Biden to Sign Executive Order Strengthening Cybersecurity in Maritime Ports

U.S. President Joe Biden is scheduled to sign an executive order on Wednesday aimed at enhancing cybersecurity in maritime ports, with a focus on developing minimum cybersecurity standards for the marine transportation system, according to Anne Neuberger, Deputy National Security Advisor for Cyber and Emerging Technology.

The executive order aims to empower the Coast Guard to respond effectively to cyberattacks by establishing minimum cybersecurity standards for vessel operators and mandating incident reporting. Neuberger noted that the Coast Guard will issue a notice of proposed rulemaking to formalize these standards for the maritime industry. Additionally, the administration has committed over $20 billion for U.S. port infrastructure over the next five years.

Despite existing cybersecurity risk assessments for port operators initiated by the Coast Guard in 2022, critics argue that the magnitude of cyber risks in maritime operations remains unaddressed. With approximately a quarter of the annual U.S. GDP flowing through maritime ports and the vast majority of imports and exports passing through these ports, the significance of securing maritime infrastructure against cyber threats cannot be understated.

The executive order will grant U.S. Coast Guard port captains authority to manage vessels posing known or suspected cyber threats and require facilities to rectify unsatisfactory cyber conditions that could jeopardize port safety and security, as stated by federal officials. Rear Adm. John Vann, commander of the Coast Guard Cyber Command, emphasized the importance of developing measures to prevent, detect, assess, and remediate cyber incidents.

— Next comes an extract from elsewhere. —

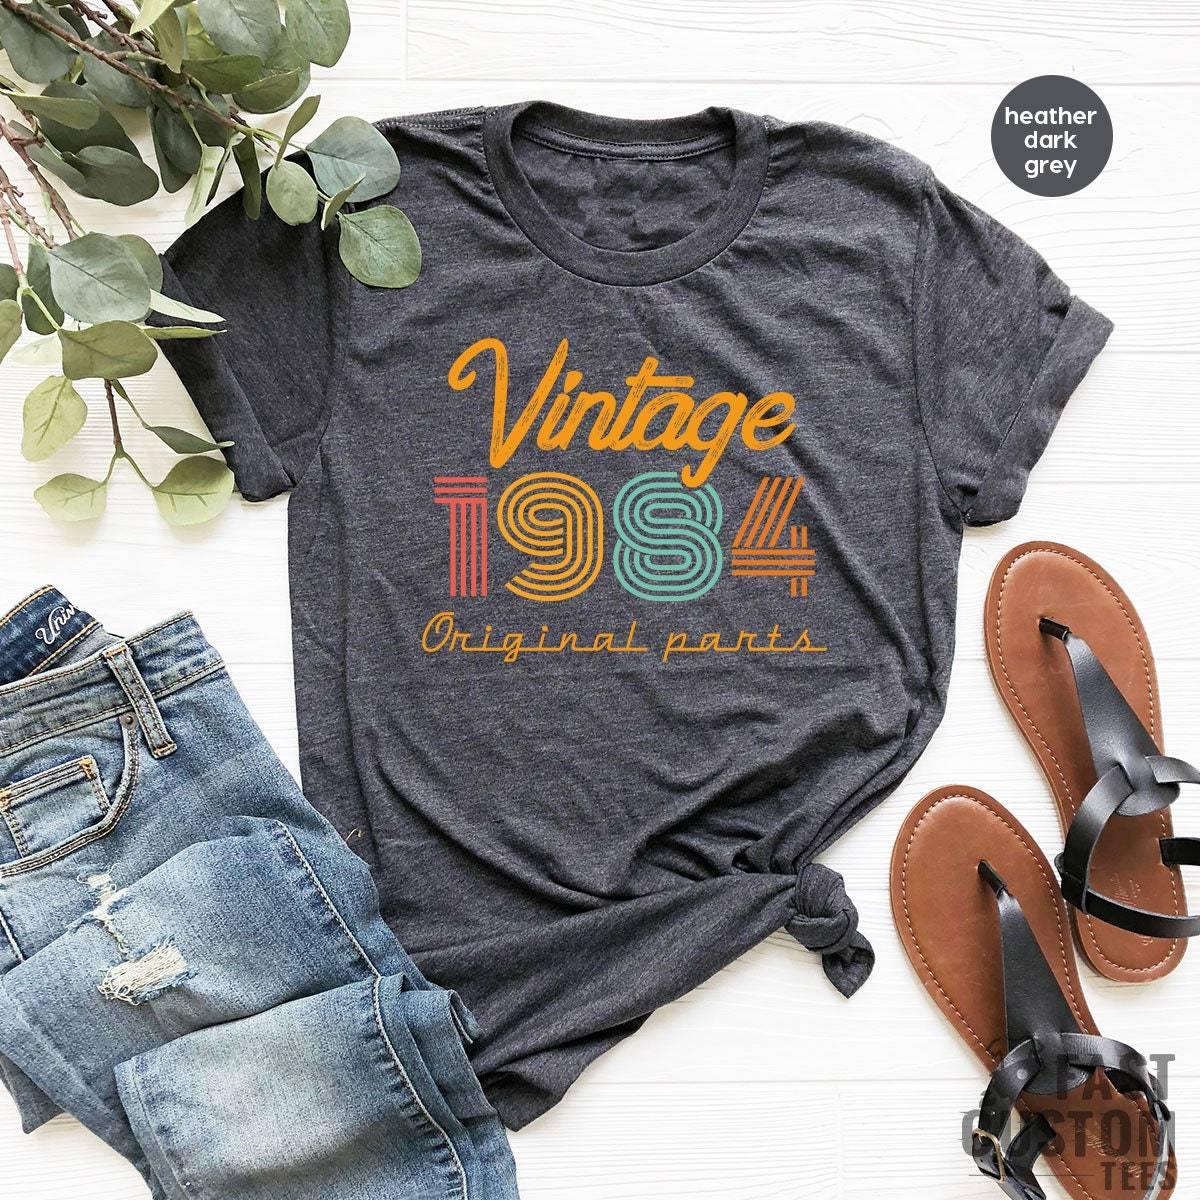 37th Birthday Shirt, Vintage T Shirt, Vintage 1984 Shirt, 37th Birthday Gift For Women, 37th Birthday Shirt Men, Retro Shirt, Vintage Shirts - Fastdeliverytees.com

The order’s provisions come in the wake of cyberattacks targeting maritime infrastructure, such as the 2022 ransomware attack on Expeditors International, resulting in significant operational disruptions and financial losses. Federal disclosures also revealed attempted attacks on the Port of Houston, underscoring the vulnerability of U.S. ports to cyber threats.

Moreover, while acknowledging the presence of Chinese-developed cranes in U.S. ports, Department of Homeland Security officials clarified that there are no immediate plans to replace them with American-made equipment.